Traditionally, haptic interfaces use active actuators such as electric motors to generate force feedback. It is well-known that these interfaces can suffer from instability issues depending on the simulated environment. In several applications, instability is a particular concern as it represents a true danger to the user. Passive actuators such as brakes and dampers are intrinsically stable and safe. We demonstrated that small-scale magnetorheological (MR) fluid brakes combined with small DC motors can increase the performance and safety of force-feedback devices. The picture on the left shows the hybrid actuator we developed comprising two unidirectional MR brakes and a DC motor. The complete system can produce 7.9 times more torque than a volume-equivalent DC motor with lower inertial and frictional torques. The device has been patented and transferred to one of our industry partners in Europe.

Read the news story published on eeNews Europe: here.

One out of eight Canadian men will be diagnosed with prostate cancer during their lifetime. In Canada, prostate cancer accounts for roughly one-quarter of all cancer cases in men, making it the leading cause of cancer deaths with 24,000 diagnoses and 4,100 deaths every year. Brachytherapy is a popular treatment for men with early prostate cancer due to its high success rate, minimal side effects, and patient convenience. It involves the insertion of needles loaded with tiny radioactive seeds into the prostate. Once the needles are fully inserted, they are pulled back to permanently leave the seeds in locations inside the prostate, where the radiation released from them treats the cancer cells. The radioactive seeds must be implanted in target locations with great accuracy. However, current techniques only enable surgeons to place seeds to within 5 mm of an intended target.

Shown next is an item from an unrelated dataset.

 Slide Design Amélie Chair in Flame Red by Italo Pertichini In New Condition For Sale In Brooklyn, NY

The figure on the left shows the hand-held instrument we developed that helps surgeons place seeds with an accuracy of 0.33 mm. It steers the needle automatically by rotating its base as the surgeon inserts it. Delivering radiation with pinpoint accuracy will lead to better prostate cancer control and fewer side effects for patients. It can also allow treating prostate cancer situations that are not possible with the current imprecise technique. One example is treating only a part of the prostate for early prostate cancers.

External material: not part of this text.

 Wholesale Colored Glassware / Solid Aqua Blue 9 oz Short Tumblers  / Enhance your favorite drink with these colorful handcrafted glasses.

Magnetorheological (MR) fluids have emerged as a promising technology for new actuator design. An MR fluid is an active material composed of a suspension of soft ferromagnetic micron-sized particles (typically 1 to 10 microns) dispersed in a carrying liquid (mineral oils, synthetic oils or water). Under the action of an external magnetic field, these particles form chain-like structures or aggregates aligned roughly parallel to the magnetic field, changing the apparent viscosity of the fluid (see the animation on the left).
Classical approaches for designing MR brakes have not accounted for fluid nonlinearity and magnetic saturation while addressing tradeoffs in terms of repose time, off-state torque, power supply, desired torque and volume. We showed that performance is strongly dependent on electromechanical design and introduced a new model for optimal actuator design. This resulted in an actuator with 23% more torque in a volume 76% smaller than a commercially available MR brake (second figure).